The next day I headed for Brussels, where the public affairs officer, Bud Korengold,* expressed his regrets but asked me to kindly stay away. I no longer recall the reception I got a day or two later from our embassy in The Hague, but it was probably the same. All week, I found myself leaning against doorjambs and other vertical objects, scratching my back through my suit jacket in much the way bears stand on their hind legs and scratch themselves against trees. Very amusing … in retrospect.
Then it was time to fly back to Washington. By the time I got home, it had been a week since I’d come down with the pox, and I was already on the mend. Adam, who’d started the whole thing, was also feeling better. However my wife greeted me with the news that our daughter, Naomi, had gotten sick a week after I’d left – at about the same time I spotted the spots in the hotel mirror. Chicken pox, it seems, has a two-week incubation period.
About a week after I returned to work – and two weeks after I’d gotten sick – my boss, the head of USIA’s European Area Office, dropped by my office and told me she’d just received an angry phone call from our ambassador in Luxembourg. It turns out that Miriam too had fallen ill and had been unable to come to work and do something for which the ambassador needed her assistance. The ambassador, said my boss with a smile, had wanted the scalp of that damn trans-Atlantic pox vector. Like the sailors, rats and fleas who brought the Black Death to Italy in 1347, I’d carried a plague to Europe.
***
* Robert J. “Bud” Korengold is the best writer it’s ever been my pleasure to know personally. I first “met” him when I was a college student majoring in Russian studies. He was then the Moscow bureau chief for Newsweek, and I read his reports and analyses with great interest. A distinguished journalist and gifted writer, Bud has far greater claims to fame than the trivial fact that I used to read his stuff. One of them dates back to 1959, when, as Moscow bureau chief for United Press International (UPI), he was the first Western journalist to interview Lee Harvey Oswald after Oswald visited the American embassy in Moscow to renounce his citizenship and defect to the Soviet Union. This was four years before Oswald, who later returned to the U.S., assassinated President Kennedy.
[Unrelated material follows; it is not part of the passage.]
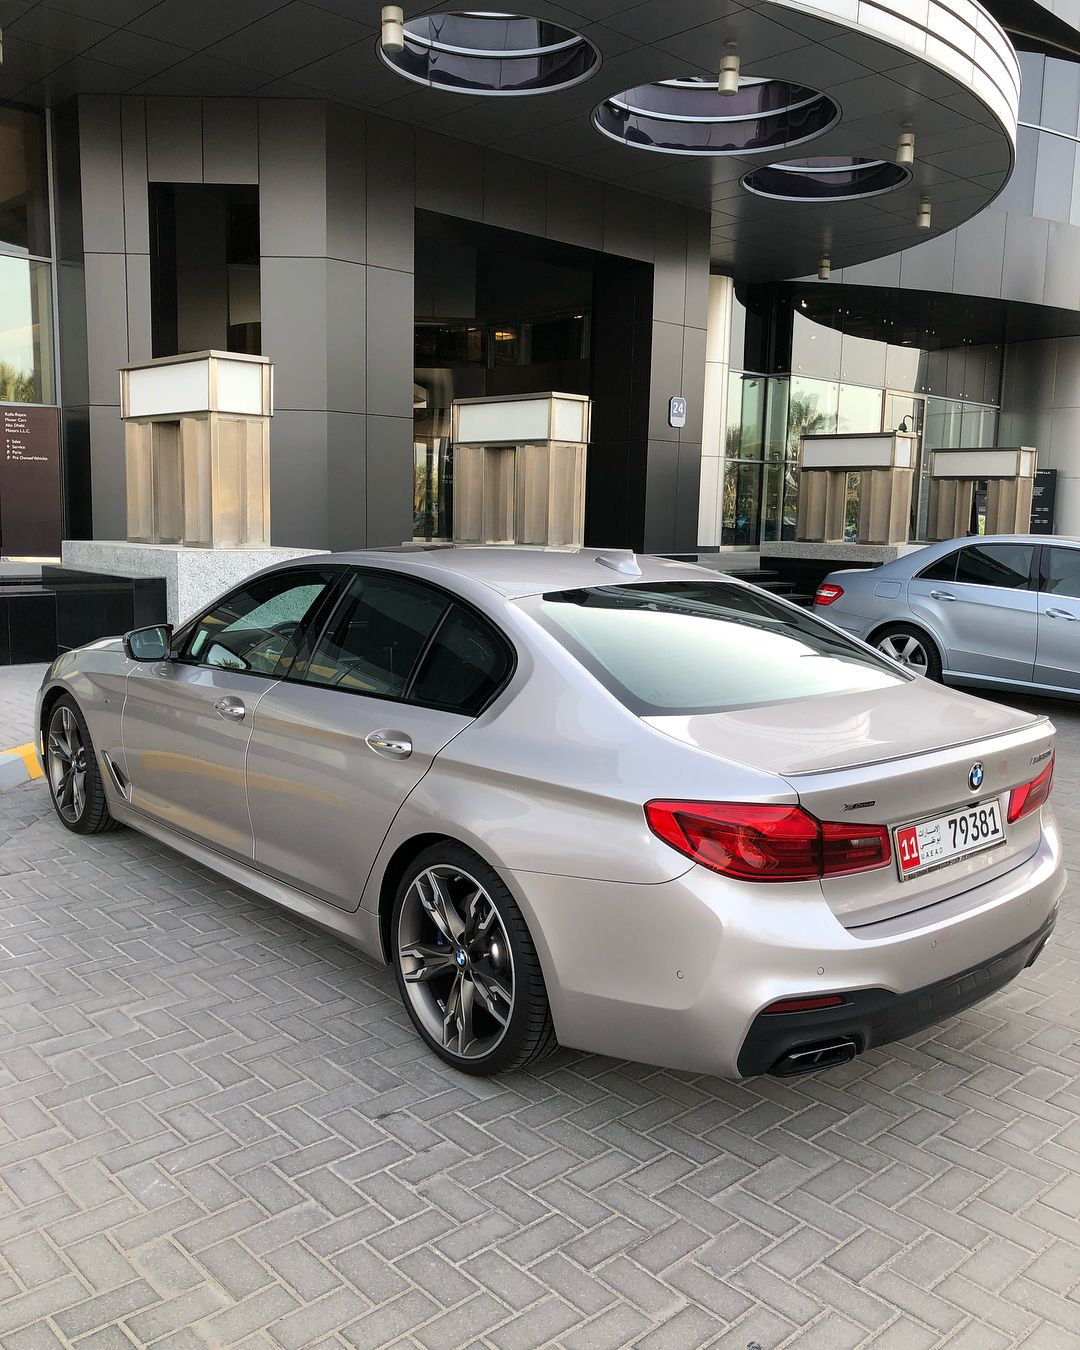 Bmw 550i M Performance Color Rhodonite Silver V8 44 L 462 Hp 0 100

Two decades later, when I was appointed to the Benelux desk at USIA, I found out that “my” public affairs officer (PAO) in Brussels was Bud Korengold. I wondered if this was the same guy who used to report from Moscow for Newsweek. It was. He’d switched careers. Bud turned out to be a wonderful, friendly colleague who soon rose to the top of the USIA’s foreign service officer corps. He also paid me one of the finest compliments I’ve ever received. Like all PAOs, he’d send periodic reports to USIA headquarters. Bud’s reports, unlike many others, were always a pleasure to read. As desk officer, I saw all correspondence between USIA and “my” posts. Once, in one of Bud’s reports, I realized he’d neglected to mention something I knew would be of interest in Washington. After I alerted him, he sent me a quick message to the effect that “every good writer needs a good editor” – a compliment I’ve treasured ever since. Thanks, Bud.